Mr Murphy: It is one of the things
the RRC have recommended. Again I am in danger of repeating myself
or responding in advance of the standing committee. I hope you
do not see that as a discourtesy to your Committee, it is simply
within 24 hours we are not in a position to offer specifics, and
obviously our response will be primarily to the committee which
made the recommendations.
Q55 Sir Robert Smith: Did you say earlier
you were minded to look also at the possibility of some procedure
for accepting amendments from here?
Mr Murphy: Yes, if the Committee
suggests a small tidying-up or a tweak, we will try and find a
way in which that can be enabled.
Q56 Mr Wilson: Minister, private legislation
can be amended by orders under the Bill. On page 12, paragraph
50 of your memorandum, you state that you would expect that the
statutory consultation before the introduction of the draft order
would include consultations with "the original petitioners
where they continue to be affected by the legislation" and
the relevant committees "will be able to call witnesses to
give representations where this is necessary." Does this
mean that all such orders will proceed as super-affirmatives?
Mr Murphy: My initial response
to that, and I will reflect on the specific point, would be that
if it was an area of contention, where there was not a consensus,
then we would seek to do it by super-affirmative procedure. However,
if after consultation and listening to those who are affected
it seems reasonable we can progress, I would anticipate the Minister
would suggest perhaps an affirmative procedure. Ultimately the
relevant committee charged by the House could then escalate the
level of scrutiny of course.
Q57 Mr Wilson: Could you give any examples
of amendments to private or hybrid legislation which you might
want to make using orders under this Bill?
Mr Murphy: I will provide you
with details on that.
Q58 Chairman: Do you see any restrictions
on the trigger on when you would seek to amend private legislation?
How would you define "highly controversial" in this
context? For example, if we had a rogue local authority that was
using a piece of private legislation in a way which most of us
would regard as heavy-handed and acceptable only to regulation-ridden,
form-filling, pen-pushing bureaucrats, would you see this as a
way where national government would step in and water-down the
private legislation because of the heavy-handed way it was being
interpreted, even if locally it might be popular?
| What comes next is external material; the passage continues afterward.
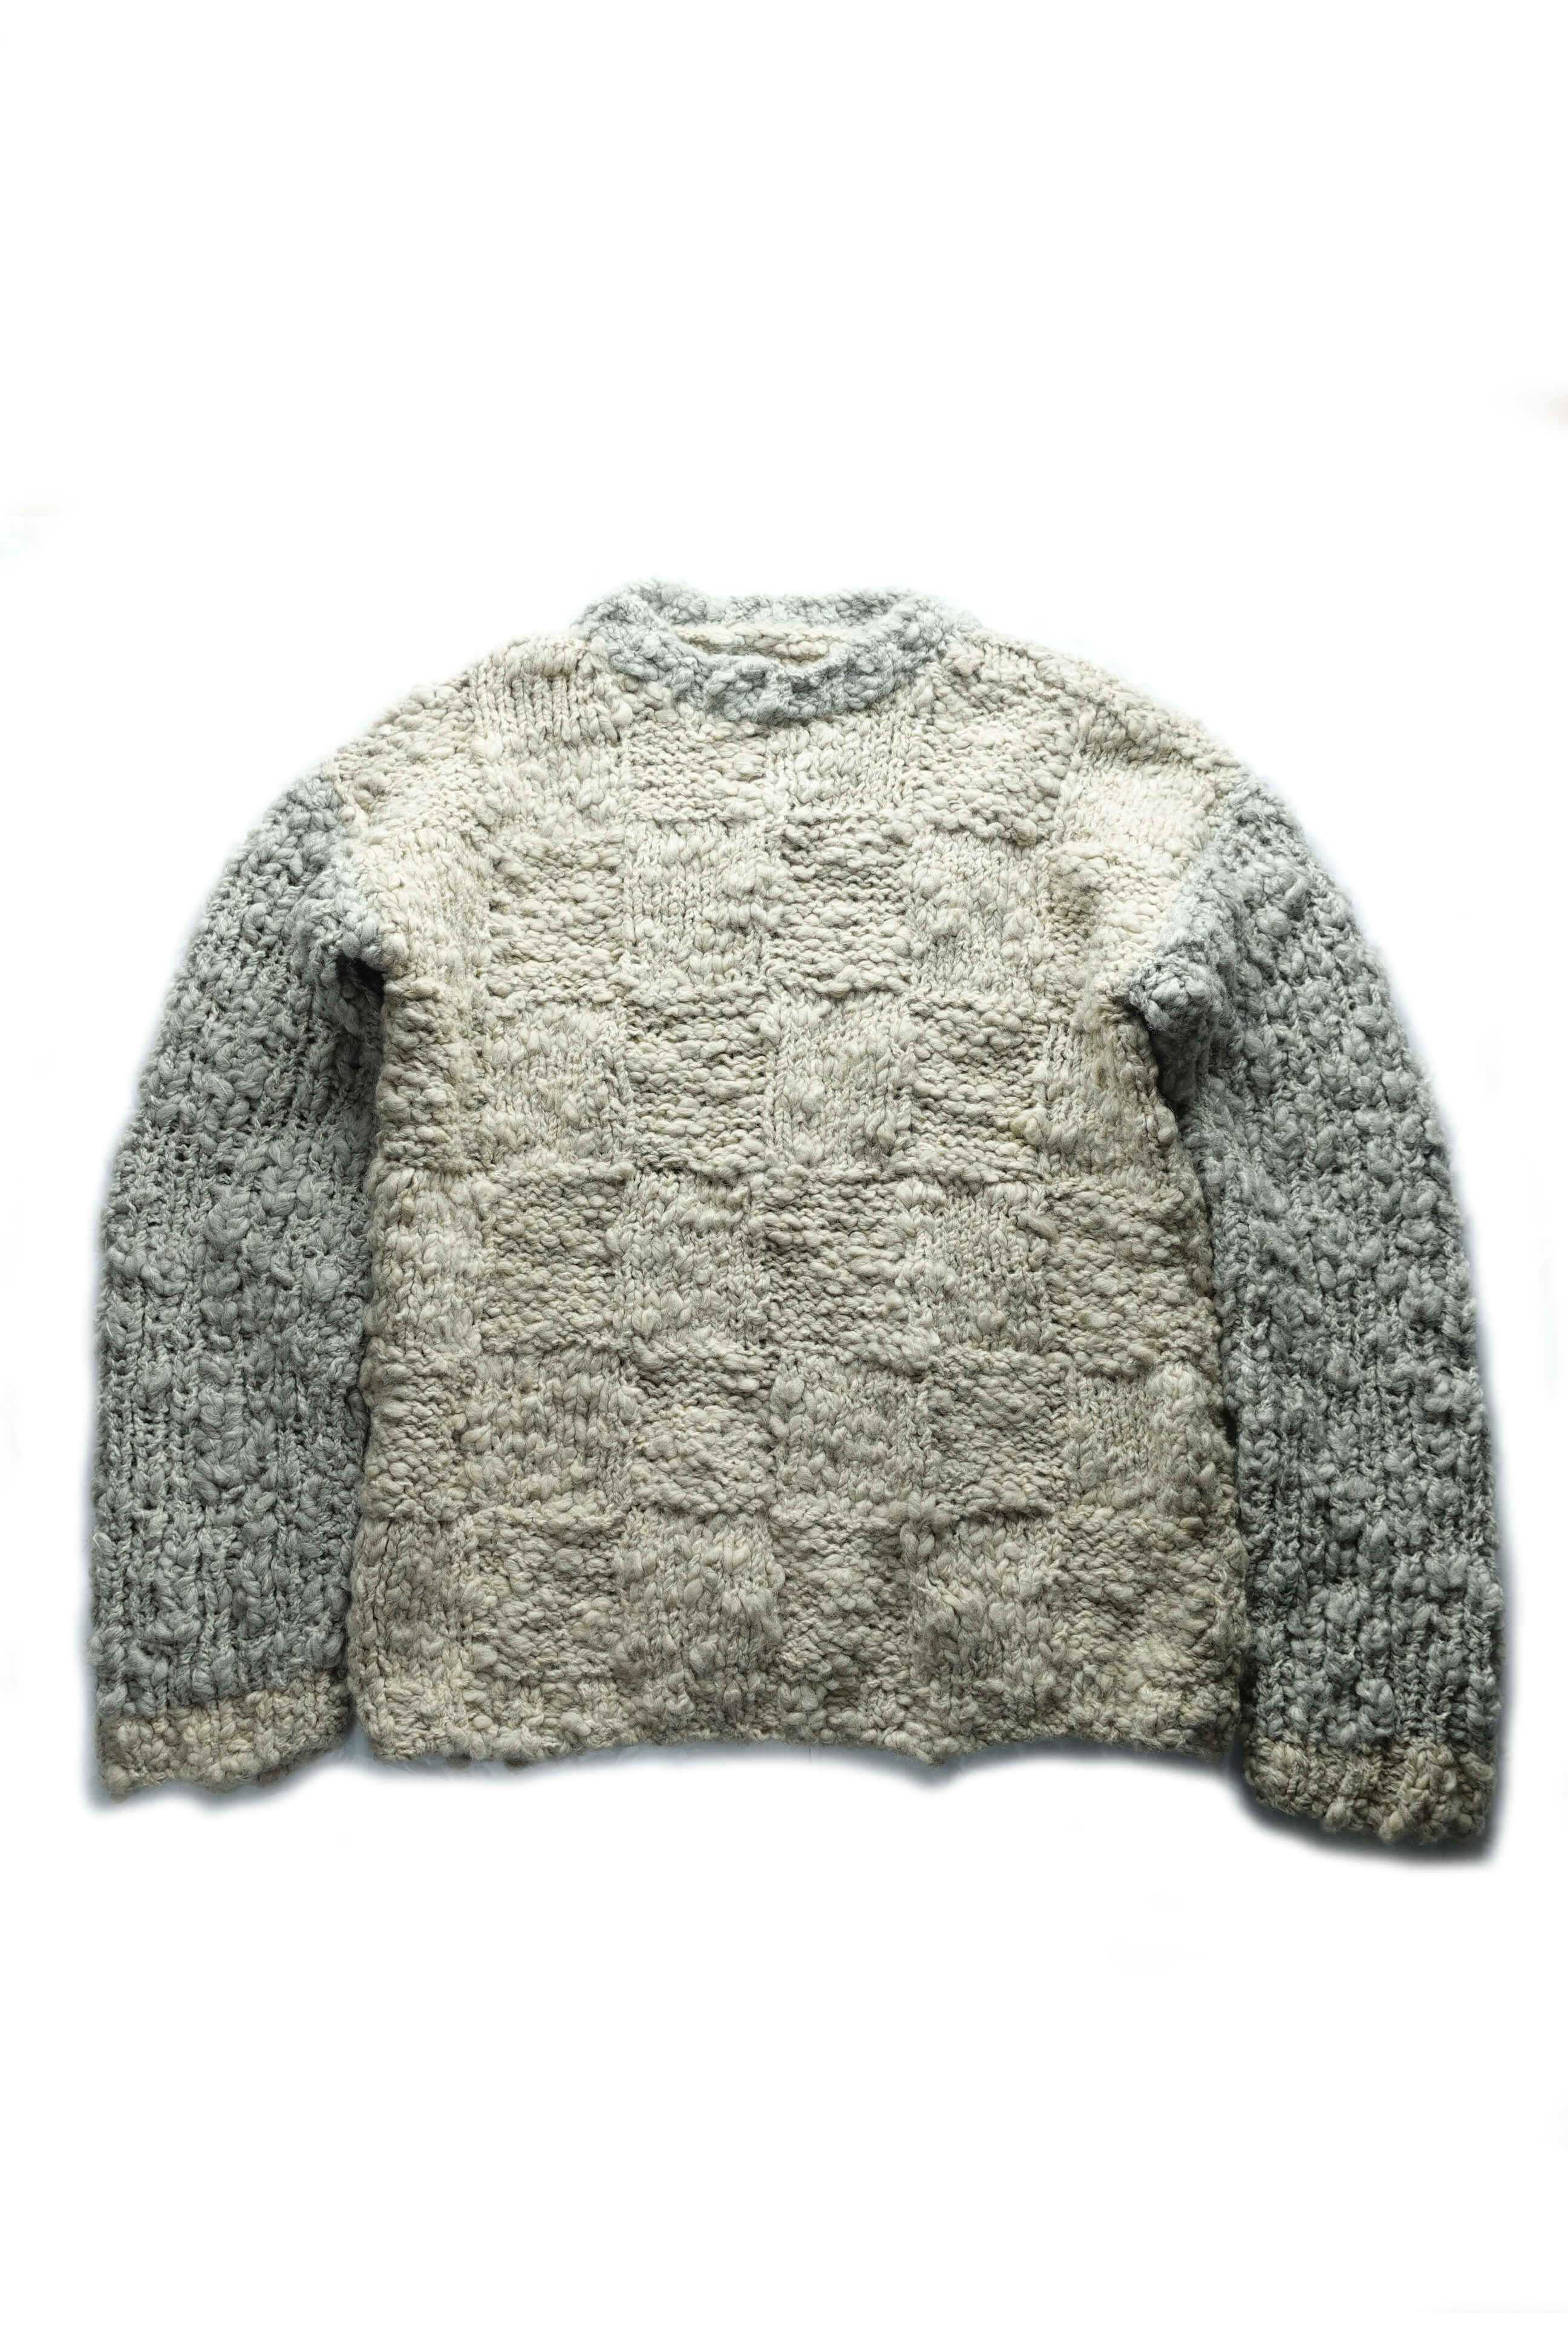 vintage heavy knit
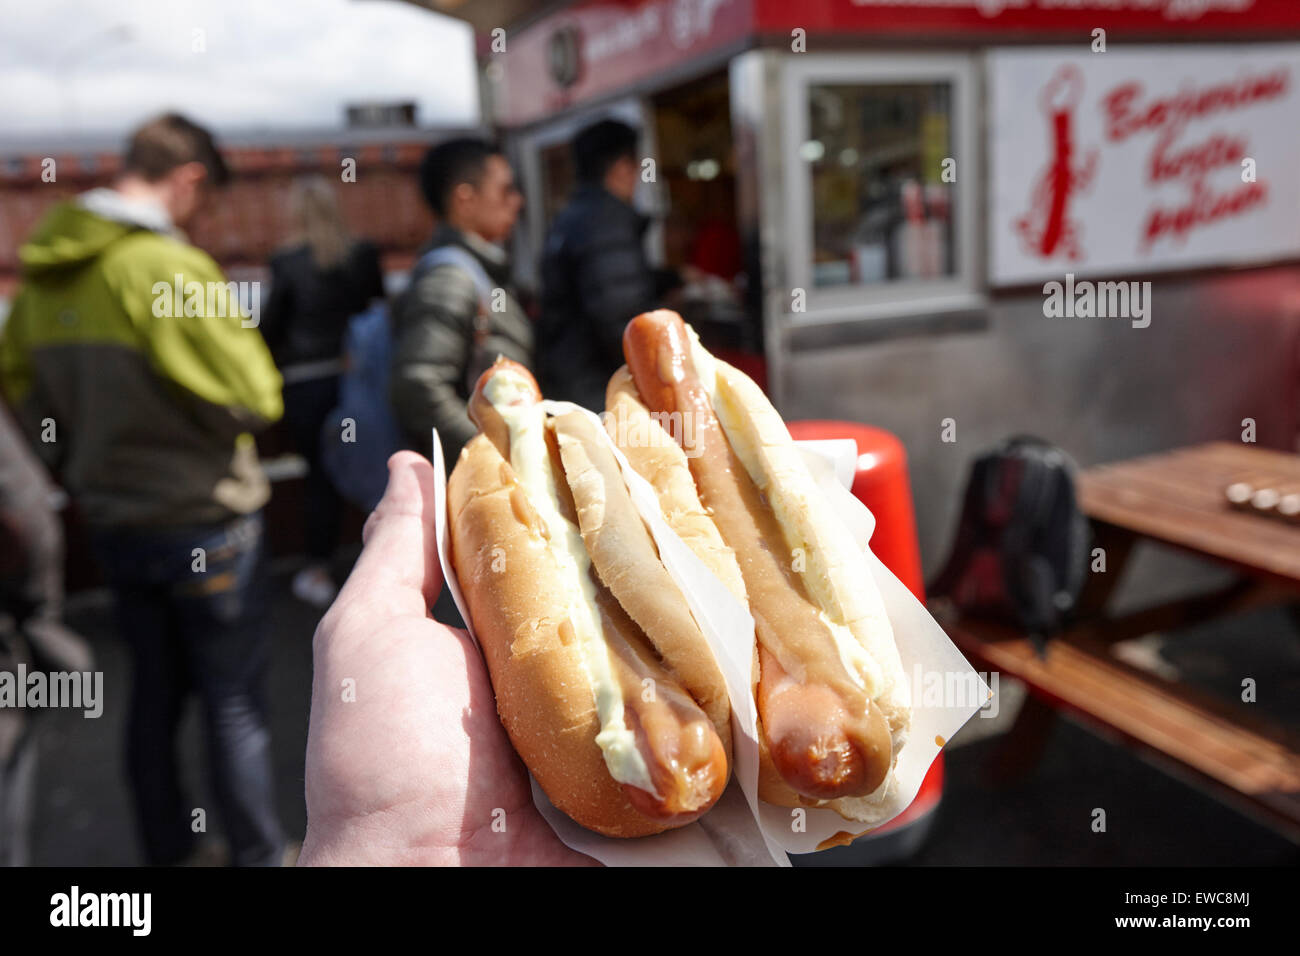 Hotdogs aus Bbp Islendingar Borda ss Pylsur Volke besten Hot-Dog stand Reykjavik Island Stockfoto

Mr Murphy: That would be a dangerous
scenario to speculate on in front of your Committee today. However,
in terms of where the threshold is, we would take soundings from
the Regulatory Reform Select Committee as to where this threshold
is. Again, Chairman, it would be a part of the sort of natural
evolution of this new process to decide where the centre of gravity
has been agreed as to what is the common sense procedure to adopt
in that type of scenario. So I do not want to speculate, I am
not in a position to speculate, on the specifics but it would
be a process of evolution over quite a short period of time, I
would suggest, as to what is considered appropriate for this type
of order.
Q59 Chairman: You and your team have
obviously decided to put all of the parliamentary procedures on
the face of the Bill. Another way of doing it of course would
be to have left Parliament itself with Government guidance to
look at what procedural changes would be necessary. In any event,
these changes are going to necessitate changes to our Standing
Orders. Are you prepared to undertake to involve the Procedure
Committee in any further discussions and debates that will necessarily
be taking place in this regard?
Mr Murphy: My response to that
would be the Cabinet Office in its role is not responsible for
the Standing Orders of the House, but it is anticipated there
is an impact on Standing Orders, and in a similar way there would
be an expectation the Leader of the House would be in consultation
with the Regulatory Reform Select Committee on their terms of
reference. I think it is equally appropriate that the Leader of
the Houseindeed I anticipate thiswould enter into
a similar dialogue with your own Select Committee and others which
are deemed appropriate under Standing Orders.